WHAT TO WORK ON
Return every line from the one with "Mothercare | Girls" through the one with "bible-archeology-exodus-kadesh-barnea-water-from-rock-moses", inclusive, exactly as it appears below.

=====

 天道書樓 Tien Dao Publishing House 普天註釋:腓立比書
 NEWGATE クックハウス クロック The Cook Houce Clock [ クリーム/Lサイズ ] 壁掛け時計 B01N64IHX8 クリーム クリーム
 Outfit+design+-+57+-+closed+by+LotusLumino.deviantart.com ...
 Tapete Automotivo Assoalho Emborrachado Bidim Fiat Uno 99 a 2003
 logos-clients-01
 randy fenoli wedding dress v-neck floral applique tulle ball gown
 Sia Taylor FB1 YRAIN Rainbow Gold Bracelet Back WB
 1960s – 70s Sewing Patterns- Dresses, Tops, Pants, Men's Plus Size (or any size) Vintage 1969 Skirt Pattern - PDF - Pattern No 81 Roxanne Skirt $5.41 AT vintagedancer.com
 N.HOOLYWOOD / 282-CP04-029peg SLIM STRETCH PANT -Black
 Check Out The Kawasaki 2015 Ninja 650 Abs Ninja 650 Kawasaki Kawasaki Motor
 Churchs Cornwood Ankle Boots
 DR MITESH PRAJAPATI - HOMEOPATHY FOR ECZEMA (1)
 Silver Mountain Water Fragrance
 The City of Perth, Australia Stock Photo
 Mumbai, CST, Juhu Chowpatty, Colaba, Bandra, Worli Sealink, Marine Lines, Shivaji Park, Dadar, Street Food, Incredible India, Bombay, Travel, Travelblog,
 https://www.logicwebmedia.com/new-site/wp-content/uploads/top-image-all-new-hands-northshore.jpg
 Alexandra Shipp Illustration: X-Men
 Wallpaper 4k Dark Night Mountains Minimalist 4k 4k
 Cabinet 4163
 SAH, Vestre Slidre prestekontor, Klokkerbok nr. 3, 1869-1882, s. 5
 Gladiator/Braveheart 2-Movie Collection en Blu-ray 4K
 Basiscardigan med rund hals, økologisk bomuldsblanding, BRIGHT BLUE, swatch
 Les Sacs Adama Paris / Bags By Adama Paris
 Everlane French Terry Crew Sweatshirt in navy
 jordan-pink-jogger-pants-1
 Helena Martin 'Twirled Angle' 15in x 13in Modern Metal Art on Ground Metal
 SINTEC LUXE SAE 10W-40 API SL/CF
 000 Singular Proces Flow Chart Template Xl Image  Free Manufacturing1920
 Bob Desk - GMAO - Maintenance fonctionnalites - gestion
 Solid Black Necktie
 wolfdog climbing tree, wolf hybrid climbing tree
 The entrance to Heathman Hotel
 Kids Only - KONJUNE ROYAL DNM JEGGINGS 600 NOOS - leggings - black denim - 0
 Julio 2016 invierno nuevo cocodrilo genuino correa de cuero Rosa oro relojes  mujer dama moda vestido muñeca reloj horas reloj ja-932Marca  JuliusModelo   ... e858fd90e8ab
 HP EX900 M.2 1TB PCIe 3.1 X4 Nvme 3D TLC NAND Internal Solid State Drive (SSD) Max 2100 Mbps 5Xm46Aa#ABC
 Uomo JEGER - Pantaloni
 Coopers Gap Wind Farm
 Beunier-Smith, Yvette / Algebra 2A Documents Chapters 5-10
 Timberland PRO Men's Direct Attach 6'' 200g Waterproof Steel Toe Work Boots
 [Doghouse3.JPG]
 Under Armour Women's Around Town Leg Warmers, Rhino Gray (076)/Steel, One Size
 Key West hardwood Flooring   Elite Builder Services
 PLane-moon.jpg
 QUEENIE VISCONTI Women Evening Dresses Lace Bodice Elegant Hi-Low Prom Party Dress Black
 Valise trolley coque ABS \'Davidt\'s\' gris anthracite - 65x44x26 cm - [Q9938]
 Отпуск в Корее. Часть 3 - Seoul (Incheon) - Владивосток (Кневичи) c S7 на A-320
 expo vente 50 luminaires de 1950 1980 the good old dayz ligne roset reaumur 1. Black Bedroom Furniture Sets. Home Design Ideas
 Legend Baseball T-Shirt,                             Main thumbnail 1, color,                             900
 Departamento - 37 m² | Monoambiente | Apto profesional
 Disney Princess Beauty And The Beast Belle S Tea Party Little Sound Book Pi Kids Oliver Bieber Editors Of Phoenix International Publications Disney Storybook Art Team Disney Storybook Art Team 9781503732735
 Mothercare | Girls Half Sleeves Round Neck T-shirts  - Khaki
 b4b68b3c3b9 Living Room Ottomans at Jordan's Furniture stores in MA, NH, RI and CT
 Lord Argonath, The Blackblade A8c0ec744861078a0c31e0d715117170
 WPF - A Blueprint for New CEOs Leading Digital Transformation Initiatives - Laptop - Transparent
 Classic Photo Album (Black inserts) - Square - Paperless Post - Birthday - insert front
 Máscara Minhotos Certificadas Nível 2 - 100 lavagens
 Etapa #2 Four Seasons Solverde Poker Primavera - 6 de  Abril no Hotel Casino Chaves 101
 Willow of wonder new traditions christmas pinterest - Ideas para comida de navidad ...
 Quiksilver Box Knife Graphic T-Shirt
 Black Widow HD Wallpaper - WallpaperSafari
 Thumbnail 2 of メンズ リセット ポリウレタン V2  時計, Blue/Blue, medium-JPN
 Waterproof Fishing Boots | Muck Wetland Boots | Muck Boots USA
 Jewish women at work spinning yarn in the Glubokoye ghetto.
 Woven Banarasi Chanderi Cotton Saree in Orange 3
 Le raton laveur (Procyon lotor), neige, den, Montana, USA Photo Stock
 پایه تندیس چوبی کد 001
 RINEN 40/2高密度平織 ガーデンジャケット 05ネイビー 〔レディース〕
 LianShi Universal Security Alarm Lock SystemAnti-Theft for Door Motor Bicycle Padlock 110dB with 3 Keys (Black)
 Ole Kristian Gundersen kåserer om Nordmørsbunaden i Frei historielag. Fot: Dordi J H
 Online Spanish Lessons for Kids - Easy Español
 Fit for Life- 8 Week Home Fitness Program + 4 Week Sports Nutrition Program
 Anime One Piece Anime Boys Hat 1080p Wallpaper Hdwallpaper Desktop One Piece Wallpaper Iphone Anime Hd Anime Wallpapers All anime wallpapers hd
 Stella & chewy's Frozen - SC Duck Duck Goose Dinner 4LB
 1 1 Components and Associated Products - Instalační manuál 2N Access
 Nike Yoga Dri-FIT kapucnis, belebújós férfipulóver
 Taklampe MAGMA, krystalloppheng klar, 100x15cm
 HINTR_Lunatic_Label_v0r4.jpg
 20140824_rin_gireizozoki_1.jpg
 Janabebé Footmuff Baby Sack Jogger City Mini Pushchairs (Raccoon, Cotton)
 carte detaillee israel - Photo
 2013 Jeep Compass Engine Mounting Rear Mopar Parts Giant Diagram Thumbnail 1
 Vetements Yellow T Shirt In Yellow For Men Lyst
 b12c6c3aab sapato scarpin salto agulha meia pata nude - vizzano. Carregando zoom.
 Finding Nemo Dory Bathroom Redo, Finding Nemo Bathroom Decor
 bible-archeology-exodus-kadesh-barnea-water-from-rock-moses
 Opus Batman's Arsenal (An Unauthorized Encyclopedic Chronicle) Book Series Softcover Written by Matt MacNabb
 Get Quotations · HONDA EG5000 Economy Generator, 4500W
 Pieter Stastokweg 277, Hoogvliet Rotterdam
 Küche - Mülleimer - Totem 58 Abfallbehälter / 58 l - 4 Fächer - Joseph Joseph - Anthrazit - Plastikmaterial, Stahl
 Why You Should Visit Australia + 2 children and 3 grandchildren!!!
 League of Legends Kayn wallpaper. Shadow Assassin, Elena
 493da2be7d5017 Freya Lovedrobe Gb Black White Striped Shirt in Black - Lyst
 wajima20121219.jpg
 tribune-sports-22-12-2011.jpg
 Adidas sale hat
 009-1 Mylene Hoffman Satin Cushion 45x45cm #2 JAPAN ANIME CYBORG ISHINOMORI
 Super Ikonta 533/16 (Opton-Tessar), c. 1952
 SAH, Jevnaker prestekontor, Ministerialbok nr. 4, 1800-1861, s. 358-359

=====

TASK ANSWER
 Mothercare | Girls Half Sleeves Round Neck T-shirts  - Khaki
 b4b68b3c3b9 Living Room Ottomans at Jordan's Furniture stores in MA, NH, RI and CT
 Lord Argonath, The Blackblade A8c0ec744861078a0c31e0d715117170
 WPF - A Blueprint for New CEOs Leading Digital Transformation Initiatives - Laptop - Transparent
 Classic Photo Album (Black inserts) - Square - Paperless Post - Birthday - insert front
 Máscara Minhotos Certificadas Nível 2 - 100 lavagens
 Etapa #2 Four Seasons Solverde Poker Primavera - 6 de  Abril no Hotel Casino Chaves 101
 Willow of wonder new traditions christmas pinterest - Ideas para comida de navidad ...
 Quiksilver Box Knife Graphic T-Shirt
 Black Widow HD Wallpaper - WallpaperSafari
 Thumbnail 2 of メンズ リセット ポリウレタン V2  時計, Blue/Blue, medium-JPN
 Waterproof Fishing Boots | Muck Wetland Boots | Muck Boots USA
 Jewish women at work spinning yarn in the Glubokoye ghetto.
 Woven Banarasi Chanderi Cotton Saree in Orange 3
 Le raton laveur (Procyon lotor), neige, den, Montana, USA Photo Stock
 پایه تندیس چوبی کد 001
 RINEN 40/2高密度平織 ガーデンジャケット 05ネイビー 〔レディース〕
 LianShi Universal Security Alarm Lock SystemAnti-Theft for Door Motor Bicycle Padlock 110dB with 3 Keys (Black)
 Ole Kristian Gundersen kåserer om Nordmørsbunaden i Frei historielag. Fot: Dordi J H
 Online Spanish Lessons for Kids - Easy Español
 Fit for Life- 8 Week Home Fitness Program + 4 Week Sports Nutrition Program
 Anime One Piece Anime Boys Hat 1080p Wallpaper Hdwallpaper Desktop One Piece Wallpaper Iphone Anime Hd Anime Wallpapers All anime wallpapers hd
 Stella & chewy's Frozen - SC Duck Duck Goose Dinner 4LB
 1 1 Components and Associated Products - Instalační manuál 2N Access
 Nike Yoga Dri-FIT kapucnis, belebújós férfipulóver
 Taklampe MAGMA, krystalloppheng klar, 100x15cm
 HINTR_Lunatic_Label_v0r4.jpg
 20140824_rin_gireizozoki_1.jpg
 Janabebé Footmuff Baby Sack Jogger City Mini Pushchairs (Raccoon, Cotton)
 carte detaillee israel - Photo
 2013 Jeep Compass Engine Mounting Rear Mopar Parts Giant Diagram Thumbnail 1
 Vetements Yellow T Shirt In Yellow For Men Lyst
 b12c6c3aab sapato scarpin salto agulha meia pata nude - vizzano. Carregando zoom.
 Finding Nemo Dory Bathroom Redo, Finding Nemo Bathroom Decor
 bible-archeology-exodus-kadesh-barnea-water-from-rock-moses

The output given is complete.